Our interview was scheduled for noon, and as I look up at the clock in the elegant Park Hyatt Hotel and I notice it’s going on 12:30. “I AM SO SORRY!” a voice bellows just out of view. It’s him.
“I had a T.V. thing that ran late and couldn’t get away to use the phone,” he explains. Coming from anyone else, this would sound like some patented Hollywood excuse. But from Harris, with his Cheshire cat grin and at-ease demeanor, it sounds perfectly sincere.
Nowadays, the dapper fortysomething scribe is in high demand. His novels, including the popular Invisible Life trilogy, portray the lives and loves of gay and straight black urban professionals—like an African-American version of Tales of the City. To date, he’s sold over a million books and made the New York Times bestseller list several times. The Washington Post has even dubbed him “the most popular black male novelist writing today.” When not planning his next book, giving talks or preparing his autobiography, he finds time for a regular column in The Advocate entitled “For All I Know.”
But E. Lynn Harris hasn’t let success go to his head. He still seems genuinely thrilled (and a little surprised) by all the attention he’s getting. He hasn’t forgotten that less than a decade ago, he was selling copies of Invisible Life out of the back of his car while working for IBM. Fortunately, Doubleday came along and offered to reproduce the book with wider distribution and become his publisher starting with his next novel, Just As I Am.
Abide With Me, Harris’ newest tome and the last installment in the Life trilogy, picks up with the characters’ lives where As I Am left off. Raymond Tyler and his significant other, Trent, are happily co- habitating in Seattle until Raymond’s nomination for a position as a federal judge brings to light some troubling incidents from their past. Meanwhile, Raymond’s former lover, Nicole (now happily married to his best friend, Jared) is starring in a touring version of Dreamgirls. Once again, things look great from the outside—but a sinister understudy, Yancey Braxton, will stop at nothing to take the role for herself. It might sound like Dynasty or Knot’s Landing—and there is a certain soapy element to Harris’ work—but it’s the authentic dialogue and engaging characters that have hooked millions of readers on his books.

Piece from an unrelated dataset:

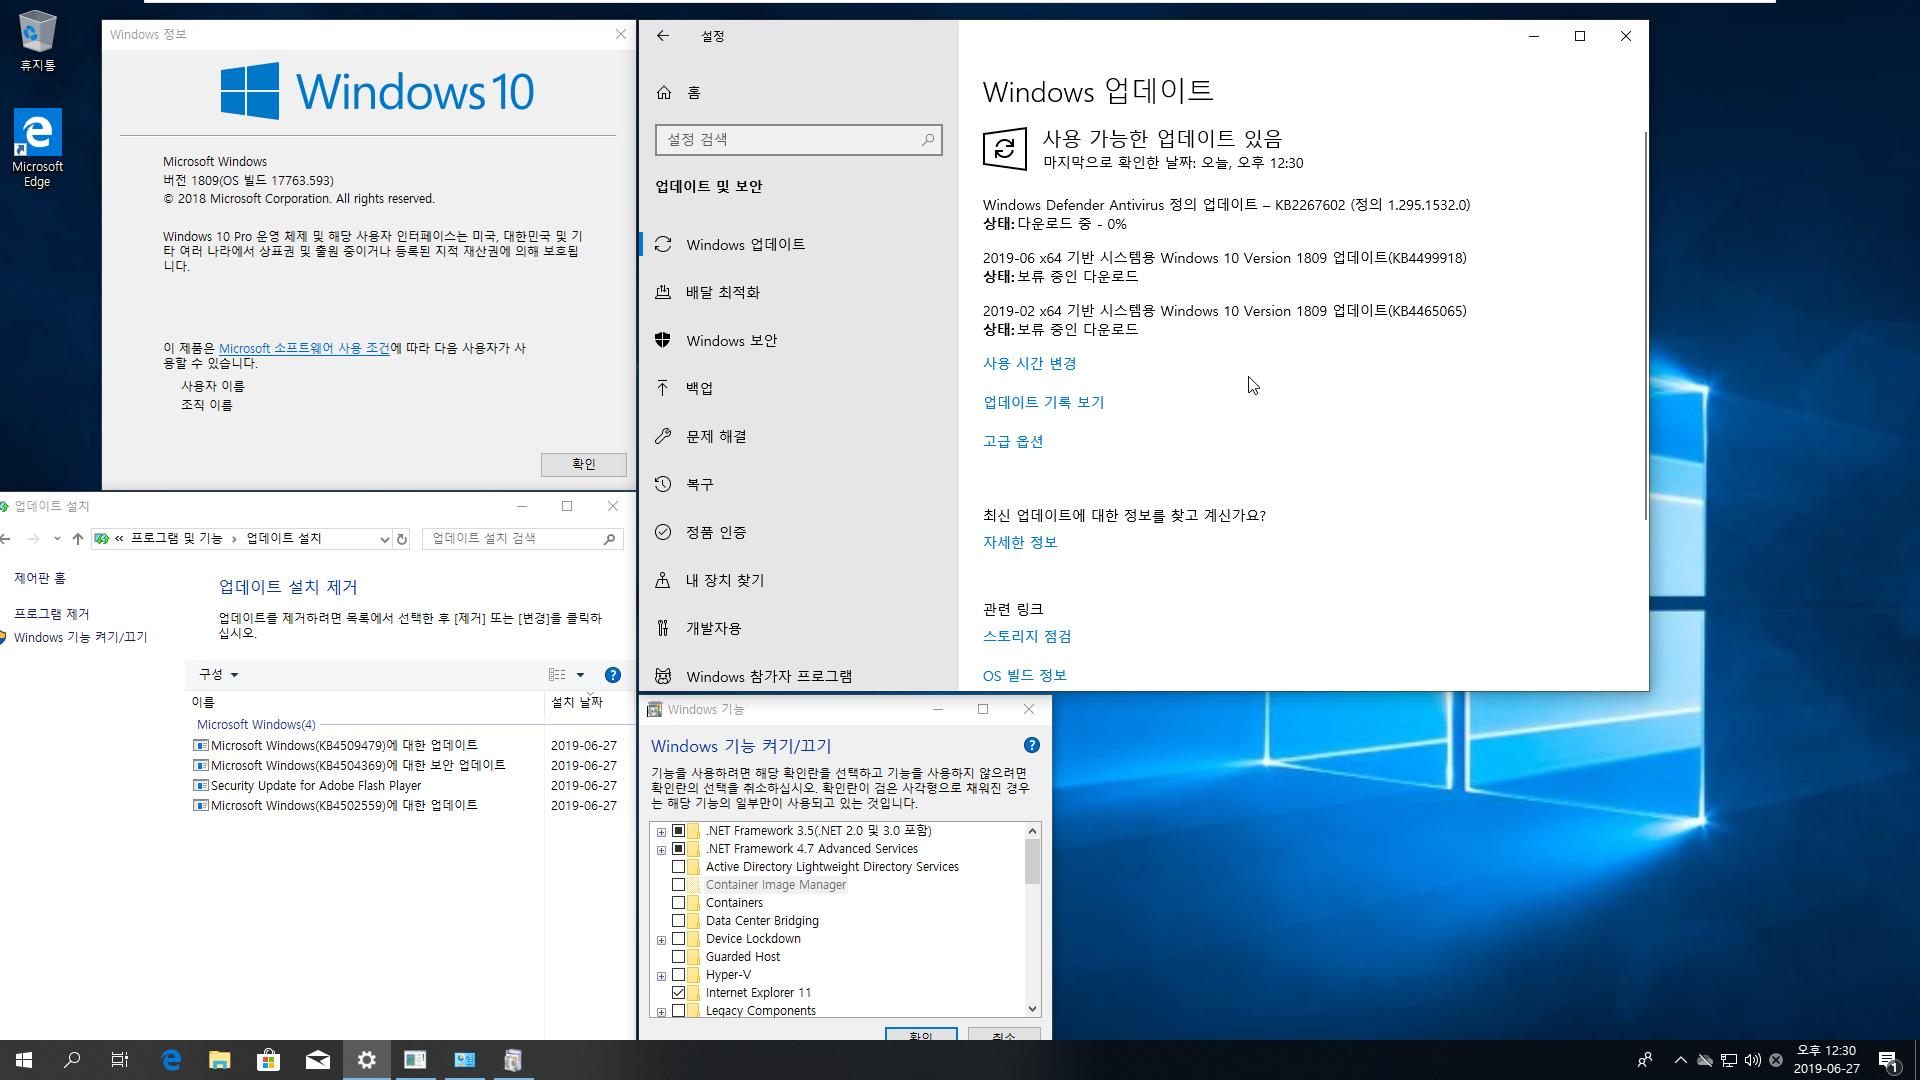 Windows 10 수시 업데이트 나왔네요. 버전 1809 ~ 버전 1703까지 -Windows 10 버전 1809 누적 업데이트 KB4509479 (OS 빌드 17763.593) [2019-06-26 일자] 통합중 입니다 - 64비트 업데이트 확인 2019-06-27_123036.png
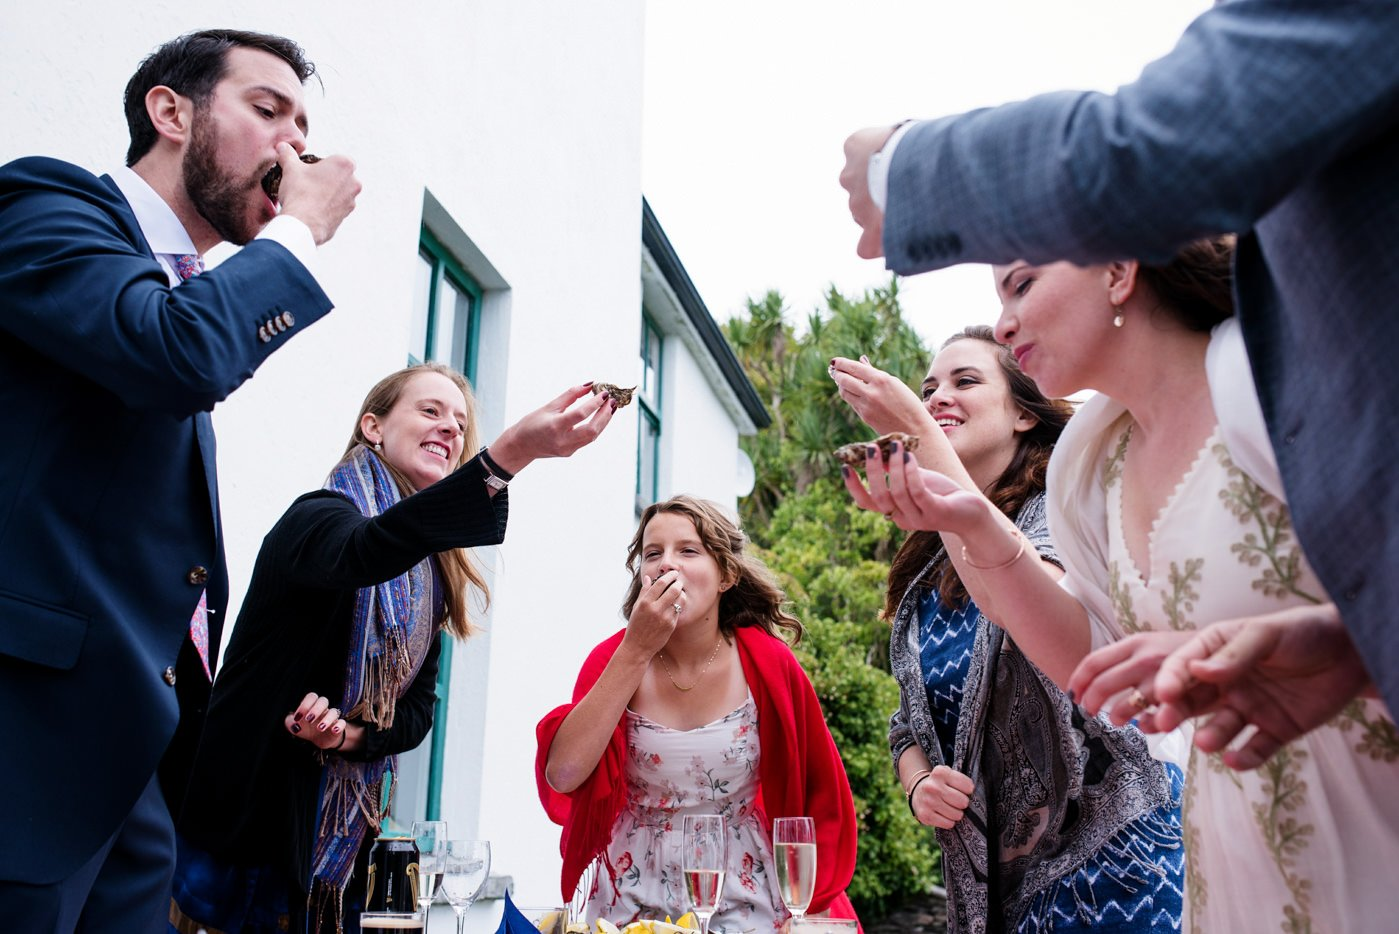 Oyster toast outdoor bohemian wedding Co Kerry Ireland

Metro Weekly: You took a job with IBM in sales right out of college.
When did you change your mind and decide to be a writer?
E. Lynn Harris: Only about thirteen years later! I studied the management aspects of journalism, with the idea of going to law school. But IBM came along and offered me a great job with lots of money. So I took it.
Metro: Were you writing on the side all along?
E. Lynn: No. I wrote letters—that was about it. I always say my writing career came about after getting so down and depressed. I was actually living here in Washington—this was the late ‘80s, early ‘90s— losing a lot of friends to AIDS. I just wasn’t happy with the state of my life and wanted to do something different. Writing seemed to help.
Metro: I guess the city has changed quite a bit since you called it home.
E. Lynn: Not really. But I kind of have a narrow view of D.C. now. I’m very much a creature of habit: I always stay at this hotel, I go to restaurants and shops around here. When I come, it’s usually because of a book I’m promoting, so I don’t see a whole lot.
Metro: The Invisible Life series has a very personal, autobiographical feel. The characters live in some of the same places you have, D.C., Chicago, Arkansas.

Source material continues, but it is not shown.